The receiver can't know where the ciphertext they are being sent actually
originated.... Just strip the signature from the original sender, add back
your own, keep the RSA-OAEP blob which is holding the encryption key as-is,
and then start tampering with the AES-CTR ciphertext. Having found an oracle
(a way to know if decryption succeeded or not) in the attachment download
code, it was just a matter of the hard work of making the bits dance just
right to use the oracle to deduce the key.
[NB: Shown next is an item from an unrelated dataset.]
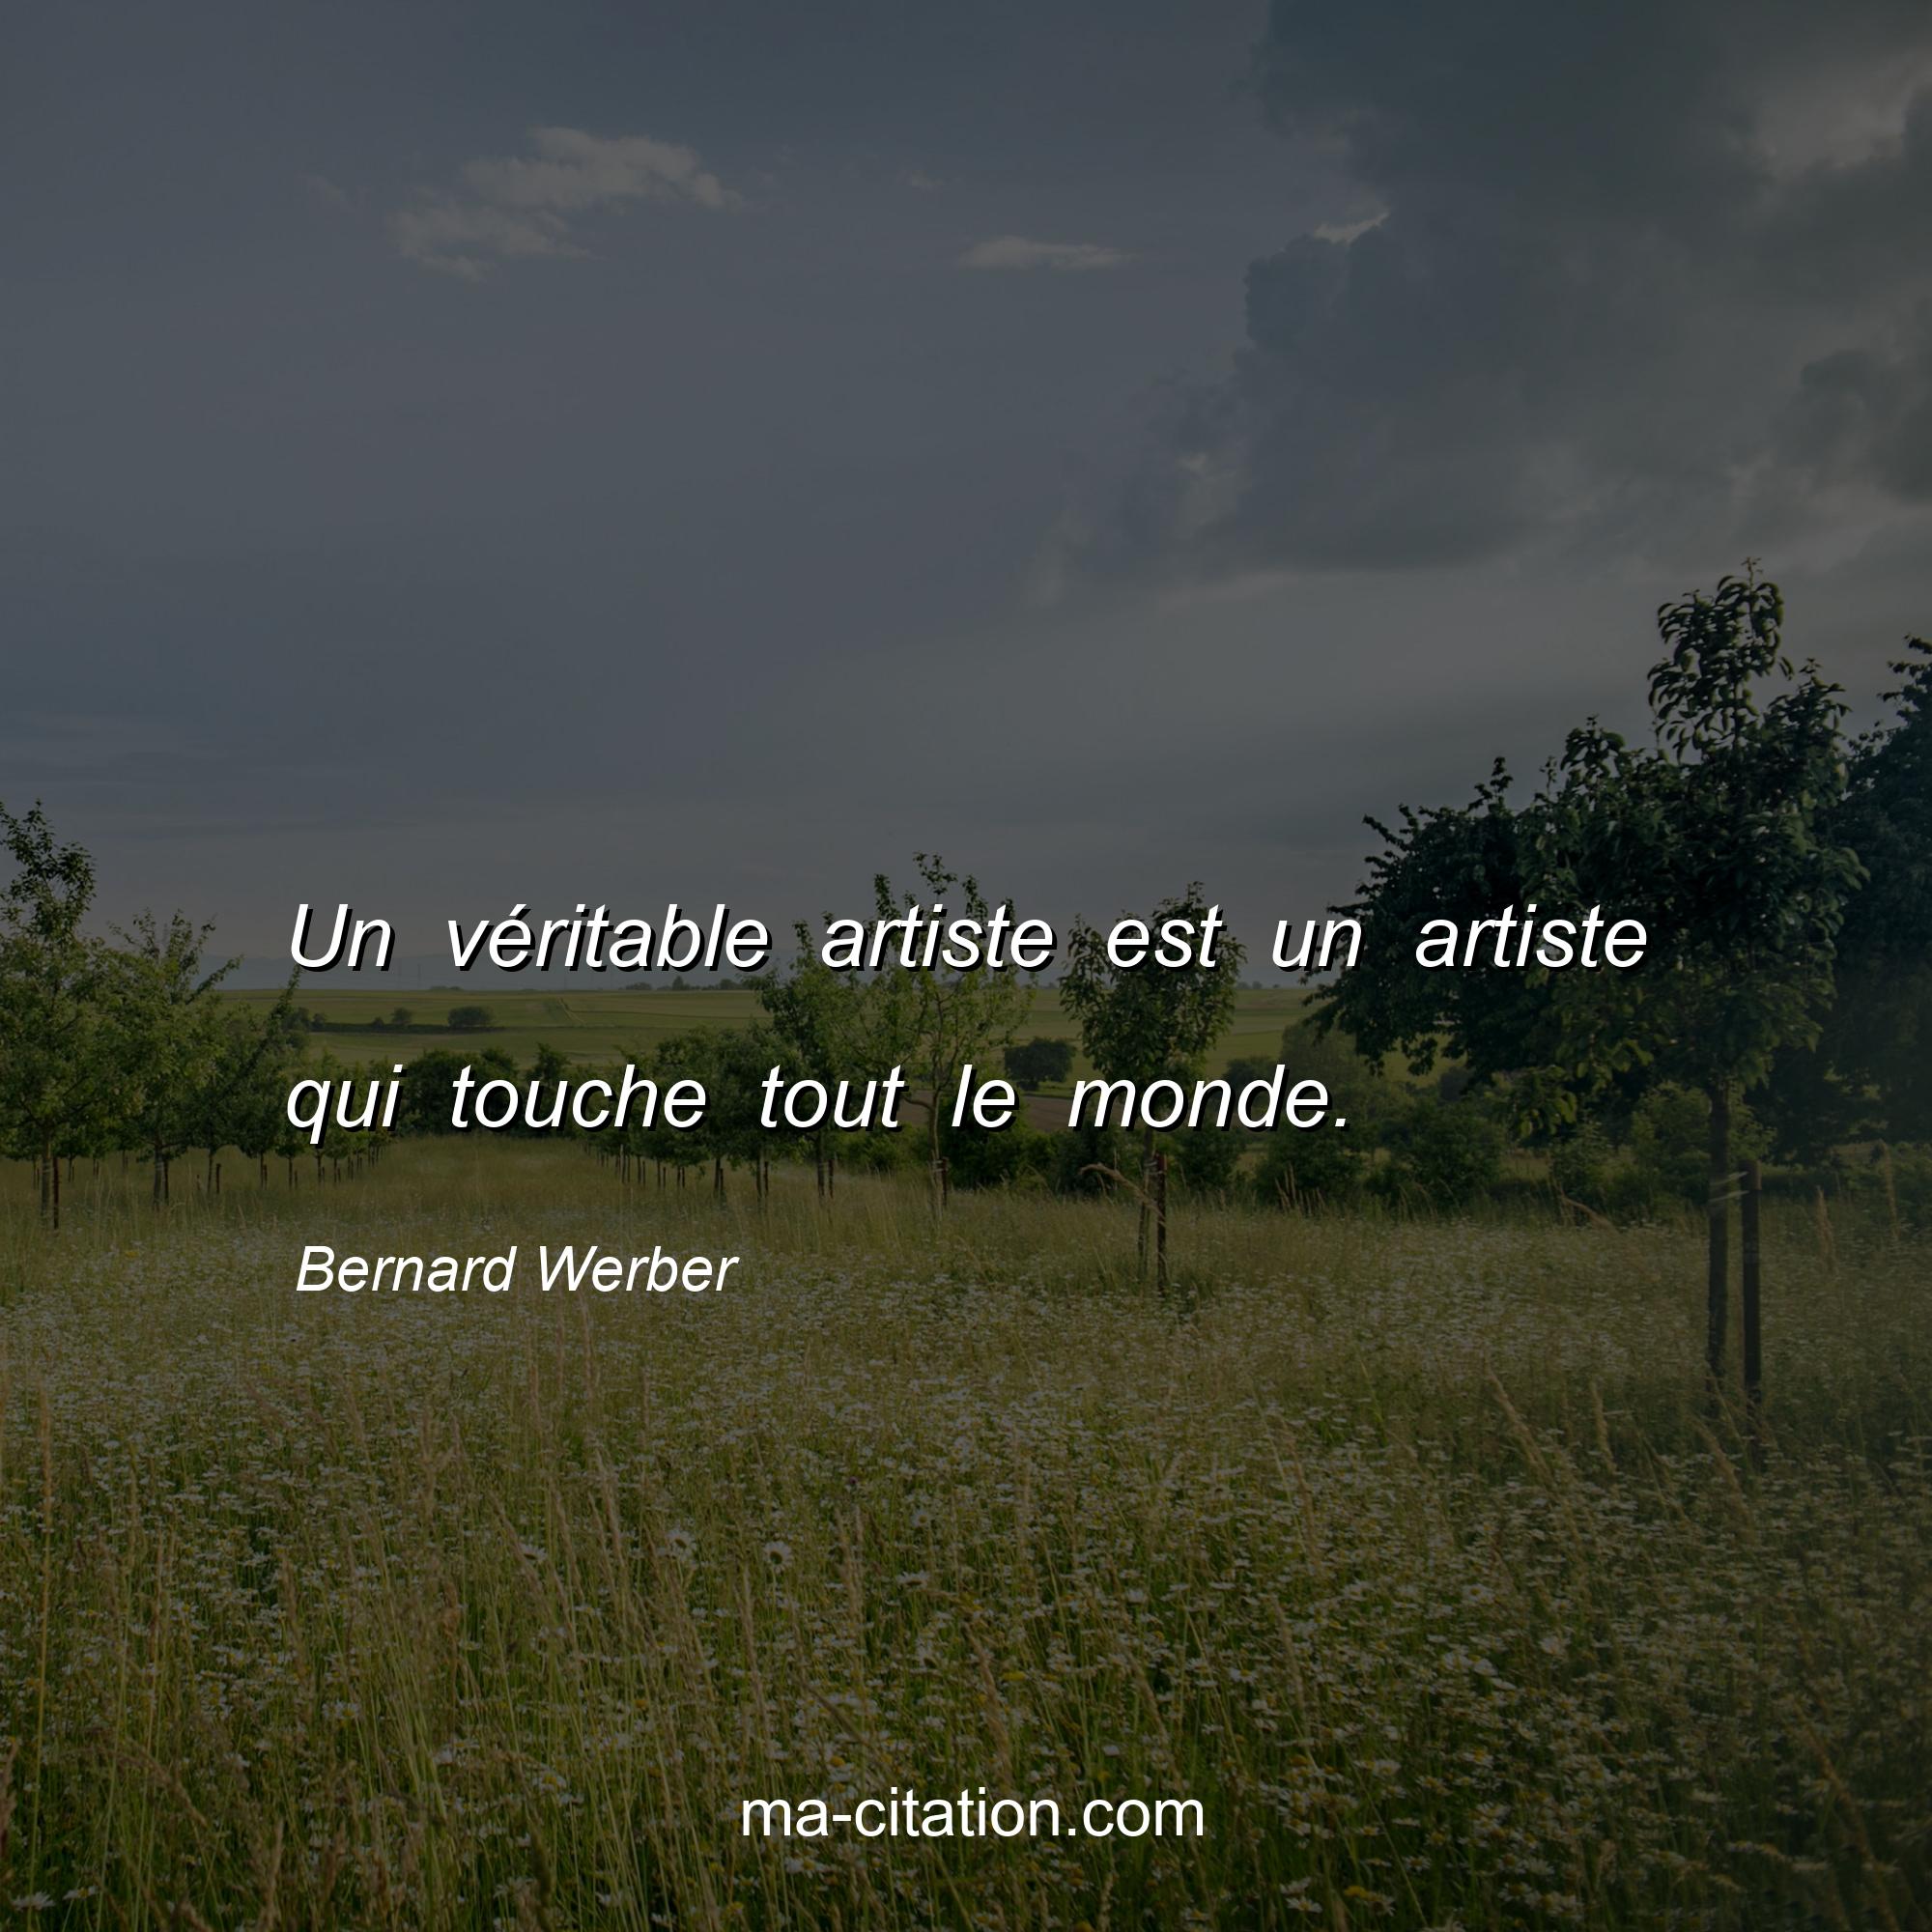 Bernard Werber : Un véritable artiste est un artiste qui touche tout le monde.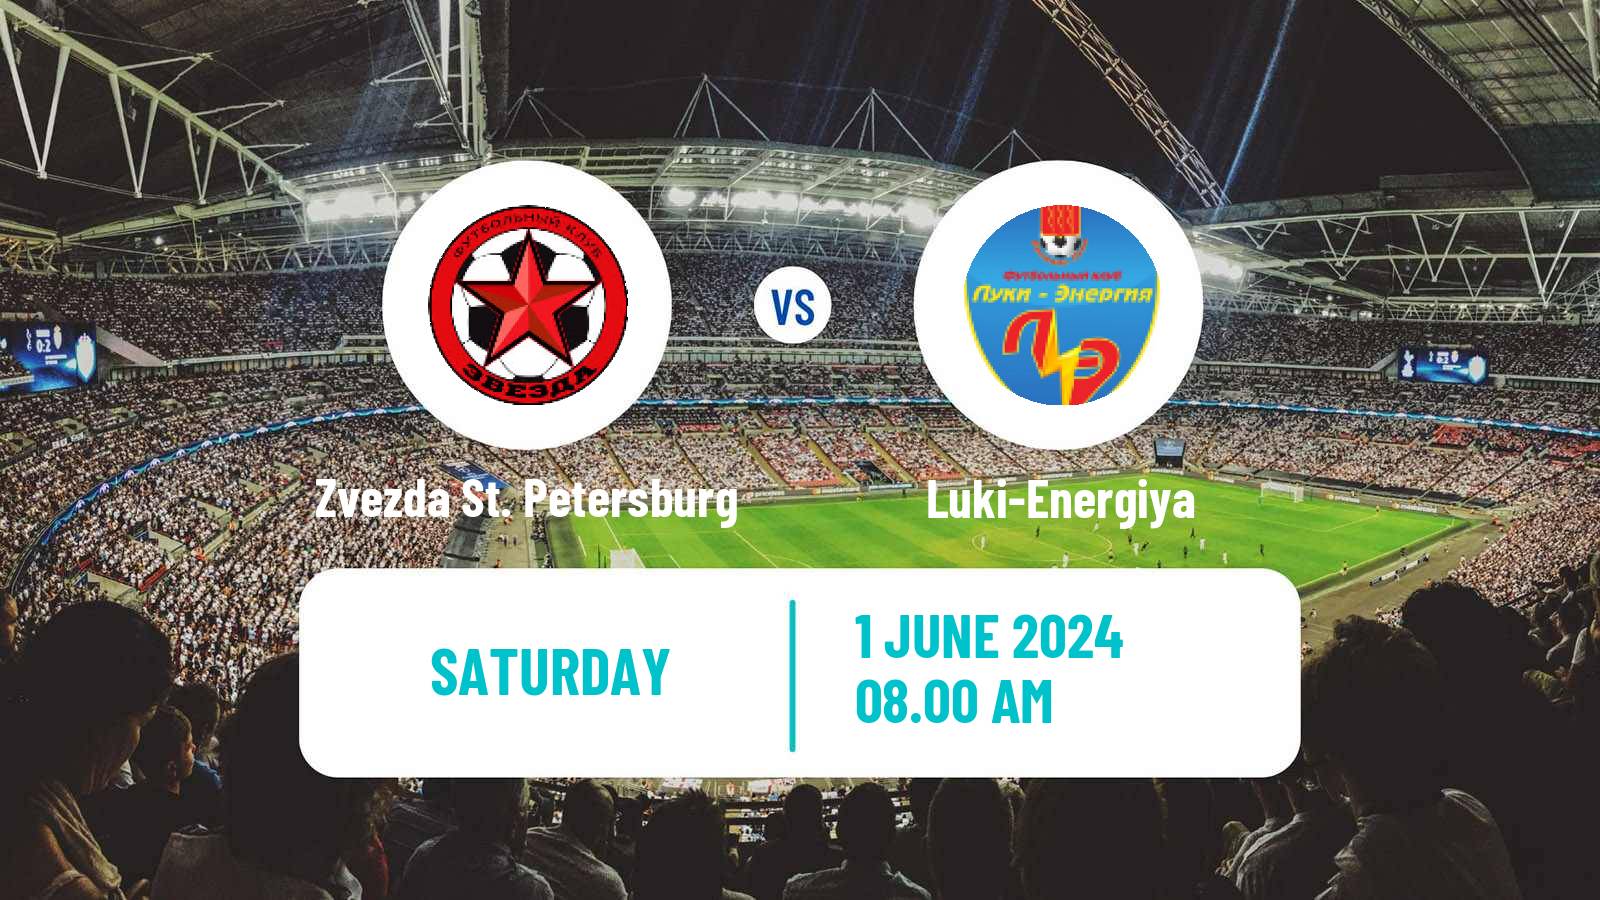 Soccer FNL 2 Division B Group 2 Zvezda St. Petersburg - Luki-Energiya

In this attack the RSA-OAEP encrypted nonce is left alone. The fix they
propose at the end is to cache this part of the message for a while to not
allow replay. But I don't understand... why not instead derive authentication
and encryption keys from the random 'k' and use it to append a MAC to the AES-
CTR ciphertext, like an IES?

Given RSA-OAEP is "IND-CCA2", it is not vulnerable to chosen cipertext. That
means it's "safe" to touch the RSA and decrypt before authenticating anything.
At that point you then have enough to generate an authentication key to run an
HMAC on the "hot" AES-CTR ciphertext before proceeding any further. I guess
the obvious appeal of just caching the RSA'd 'k' to prevent replay instead of
something like this is that neither the crypto nor even the message format
have to change.

Alternatively, what you see in X25519, is the sender generates an ephemeral
keypair and does ECDH with their private key and the receiver's public key to
get a shared secret. Sender can then use the shared secret to do any standard
authenticated symmetric encryption they want. Receiver will need the sender's
ephemeral public key on their end to ECDH the same shared secret. In this
case, again, as long as the asymmetric crypto is IND-CCA2 the receiver can
safely figure out the shared secret and an authentication key before they have
to touch any hot sauce.

Actually pulling of a working exploit with 2^18 messages while having to
mangle ciphertext and keep gzip happy is really impressive! But at the same
time, encrypt-then-sign with no MAC obviously will fail given an oracle, and
oracles will always exist. So.... why did Apple do it this way, and why not
just fix the underlying crypto and instead hack around with anti-replay?

------
junto
> ...attacks on a key server seem fundamentally challenging to implement --
> since they require the ability to actively manipulate Apple infrastructure
> without getting caught.

Tell that to Belgacom [1]! If the NSA can tap the inner networks of Google's
fibre connections as they traverse the Atlantic, then they can infiltrate
Apple whilst juggling chainsaws.

Apple are probably the market leader in branding. Their hardware is top notch
but their services are flaky and feel hacked together.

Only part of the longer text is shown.